• **WORK INSTRUCTION**
Please reproduce the lines from the one containing "Hitler, Adolf, 20.4.1889" through the end of the data below exactly as they stand, and omit all pictures.

• **PROVIDED MATERIAL**
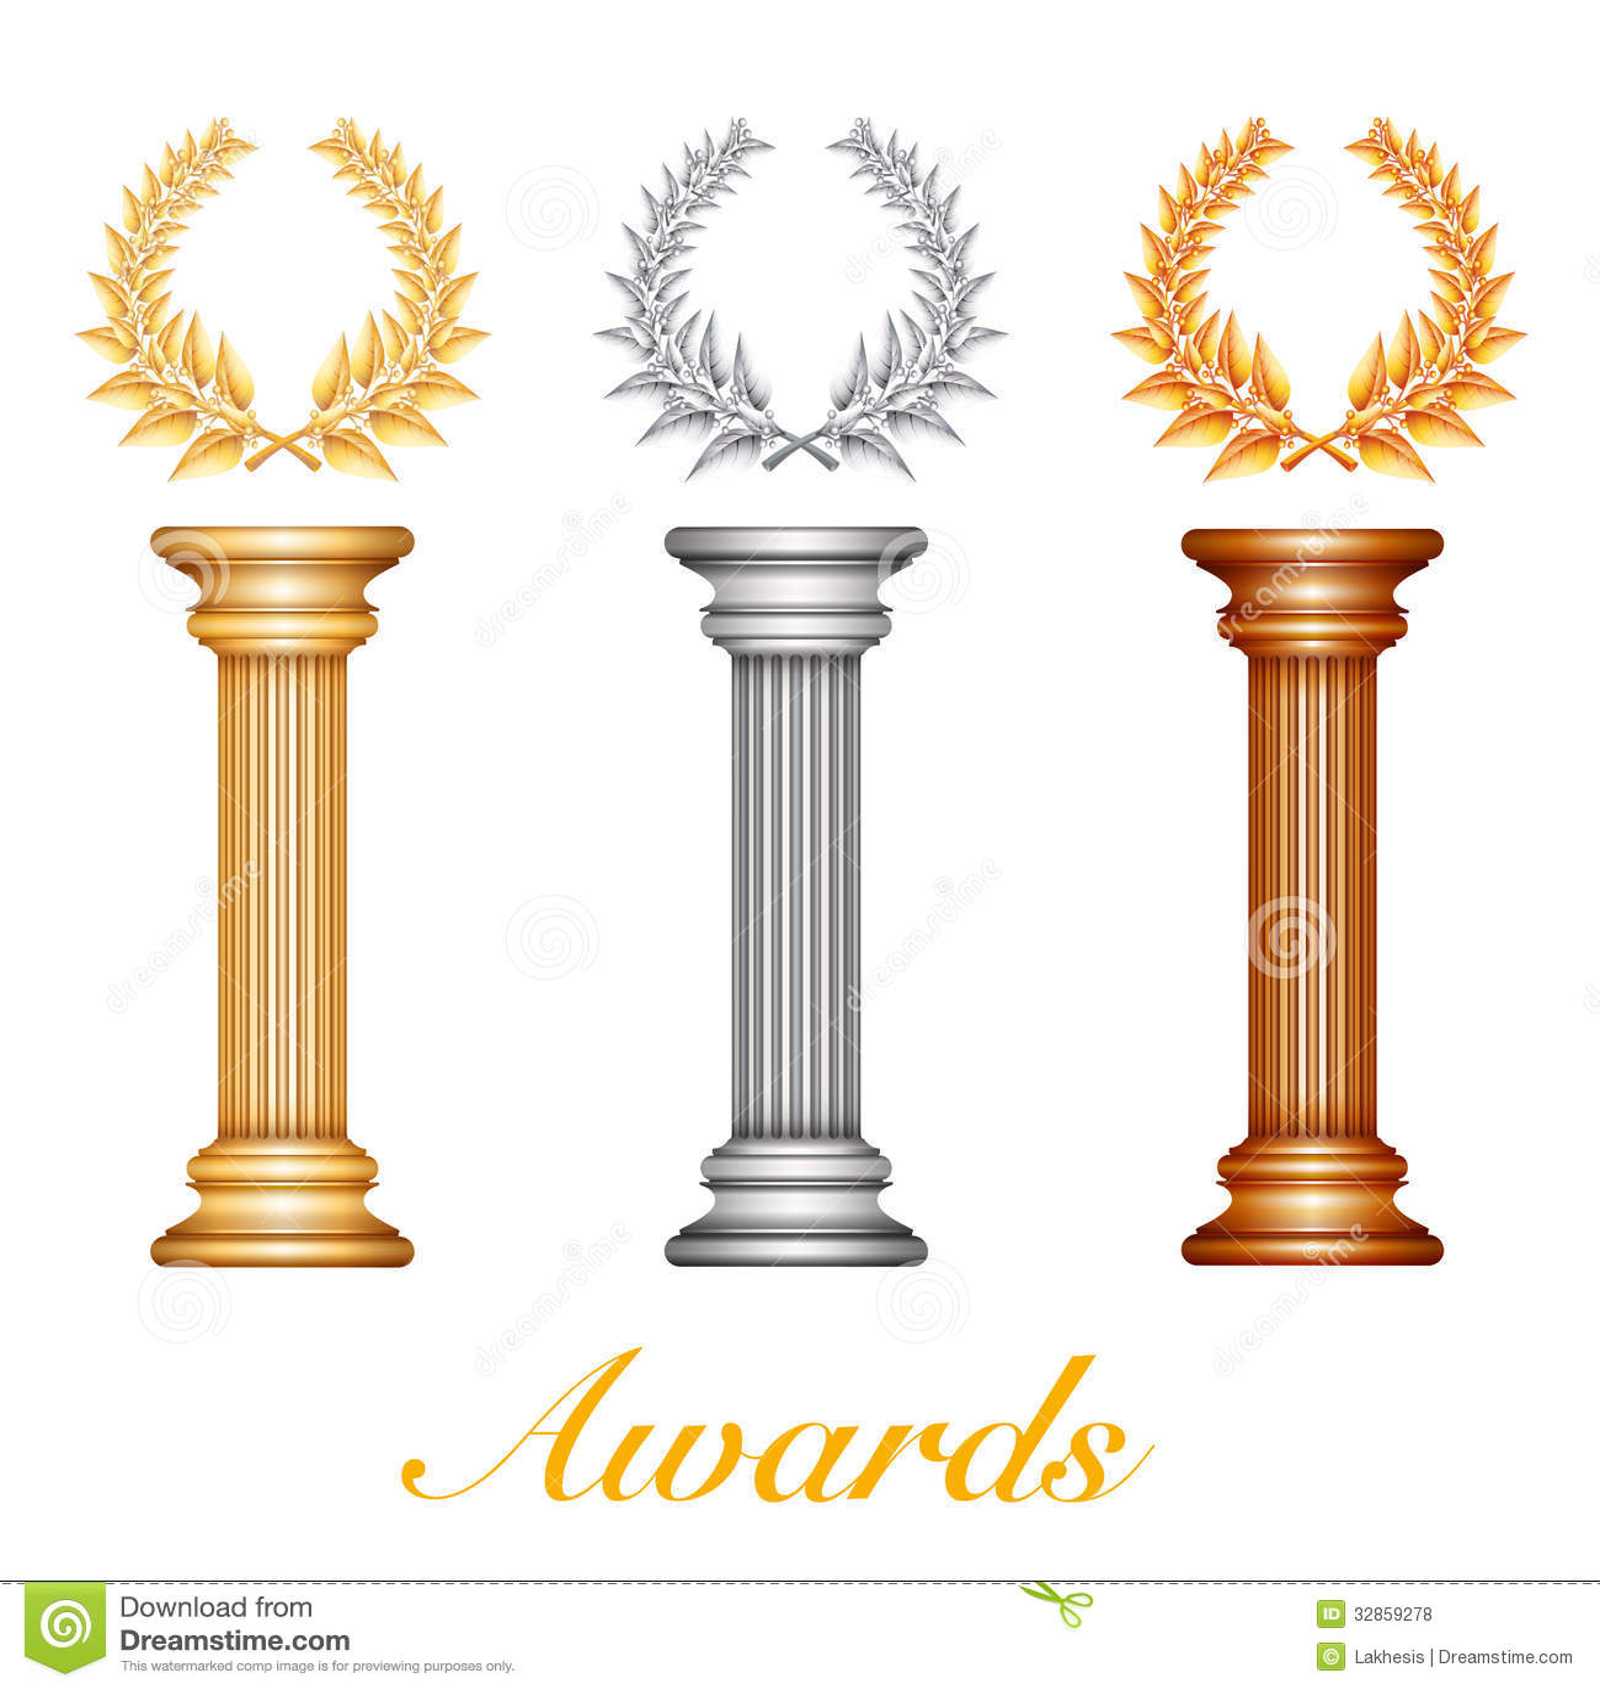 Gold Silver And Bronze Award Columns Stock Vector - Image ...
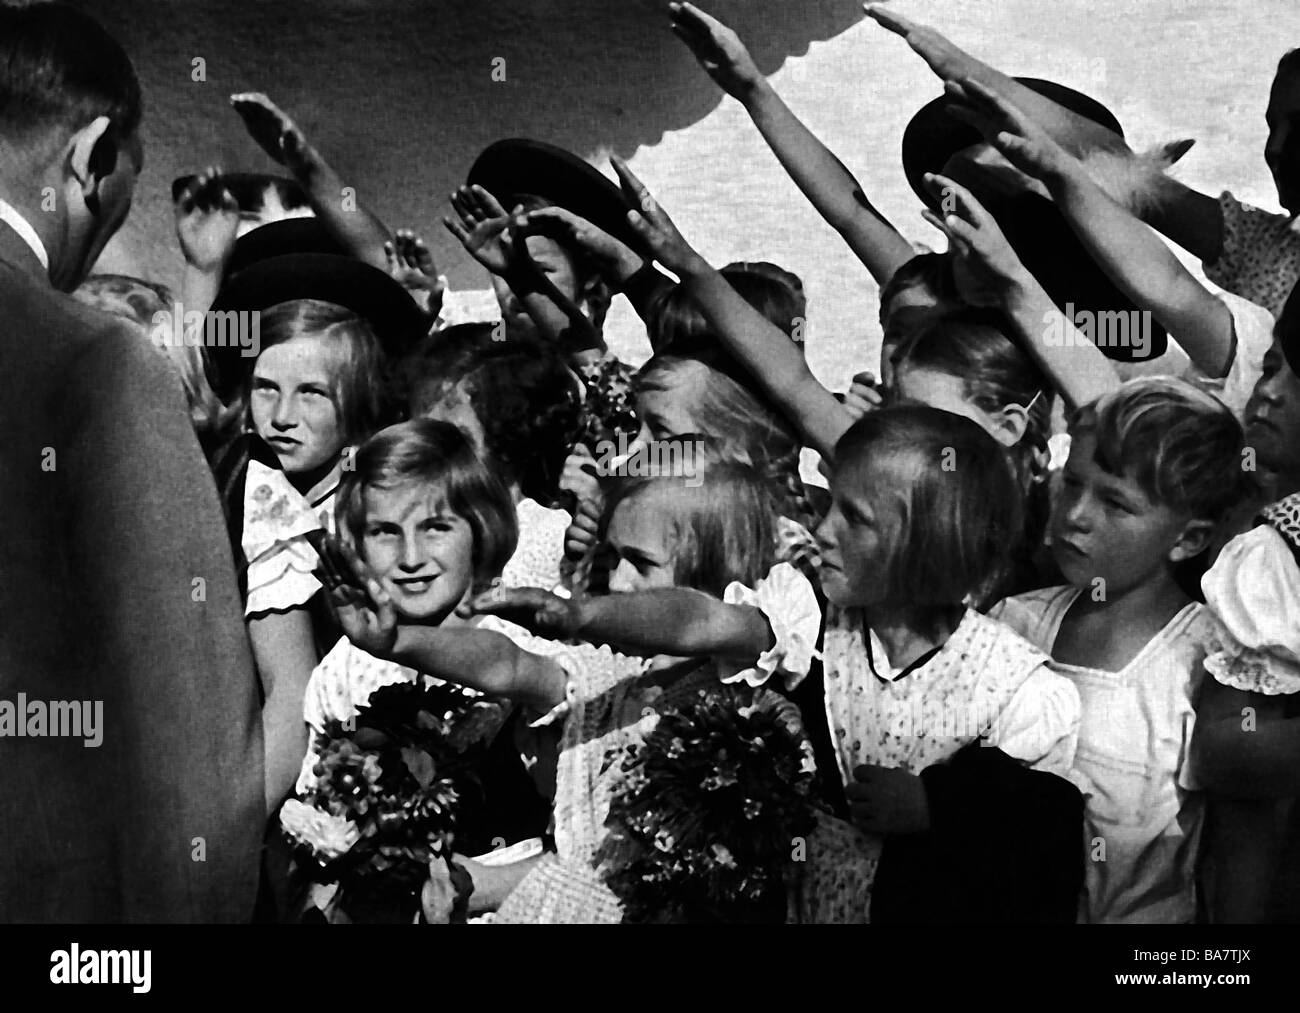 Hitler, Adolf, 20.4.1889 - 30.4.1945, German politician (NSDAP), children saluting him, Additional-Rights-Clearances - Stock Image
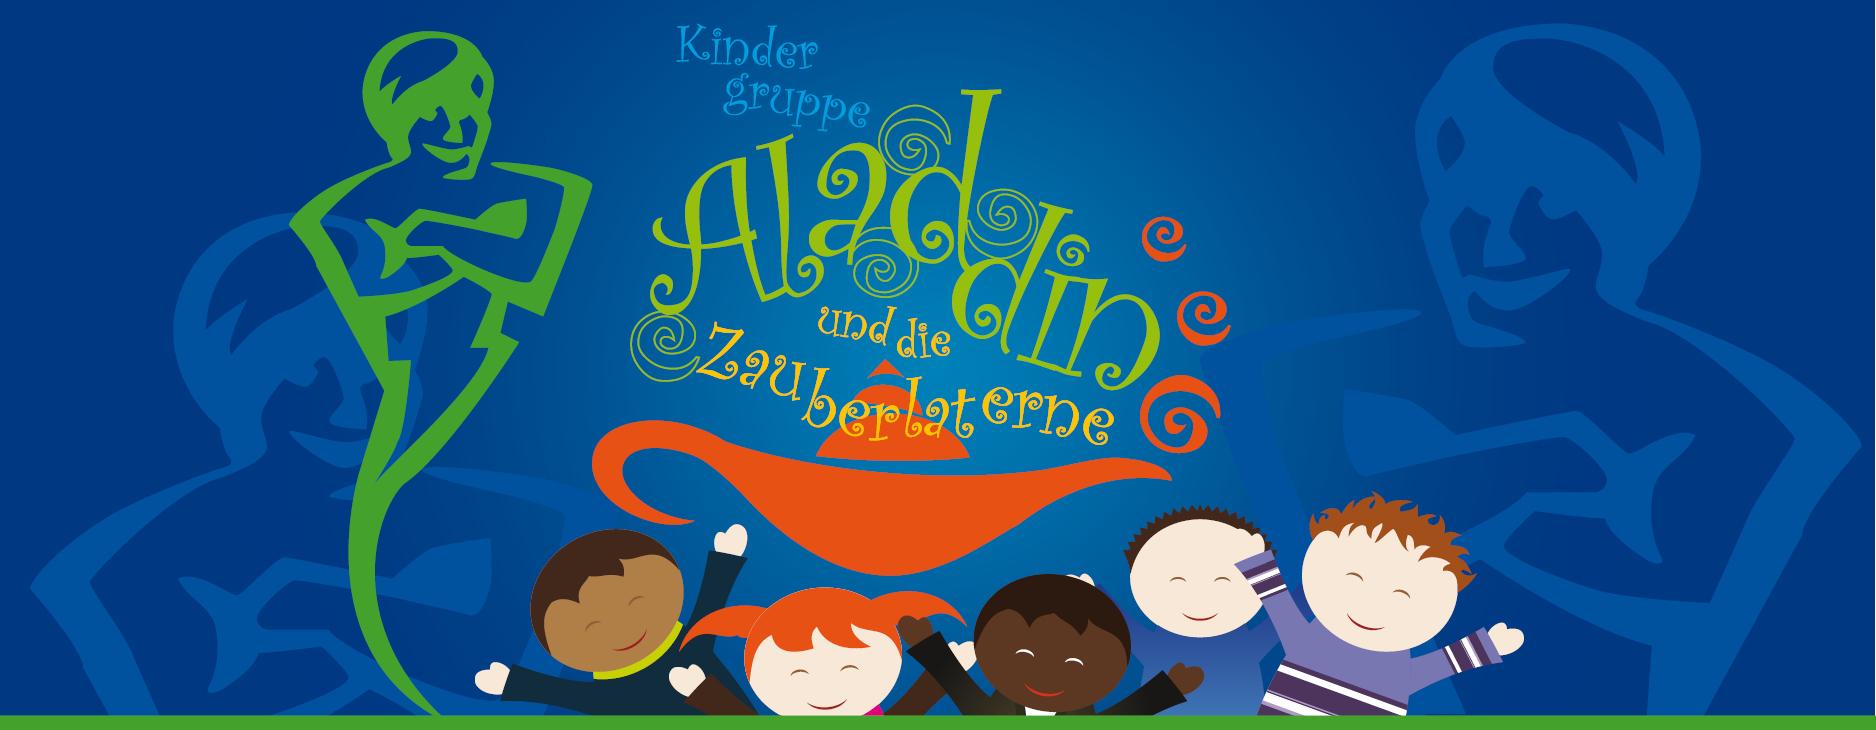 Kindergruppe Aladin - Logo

• **WRITTEN ANSWER**
 Hitler, Adolf, 20.4.1889 - 30.4.1945, German politician (NSDAP), children saluting him, Additional-Rights-Clearances - Stock Image
 Kindergruppe Aladin - Logo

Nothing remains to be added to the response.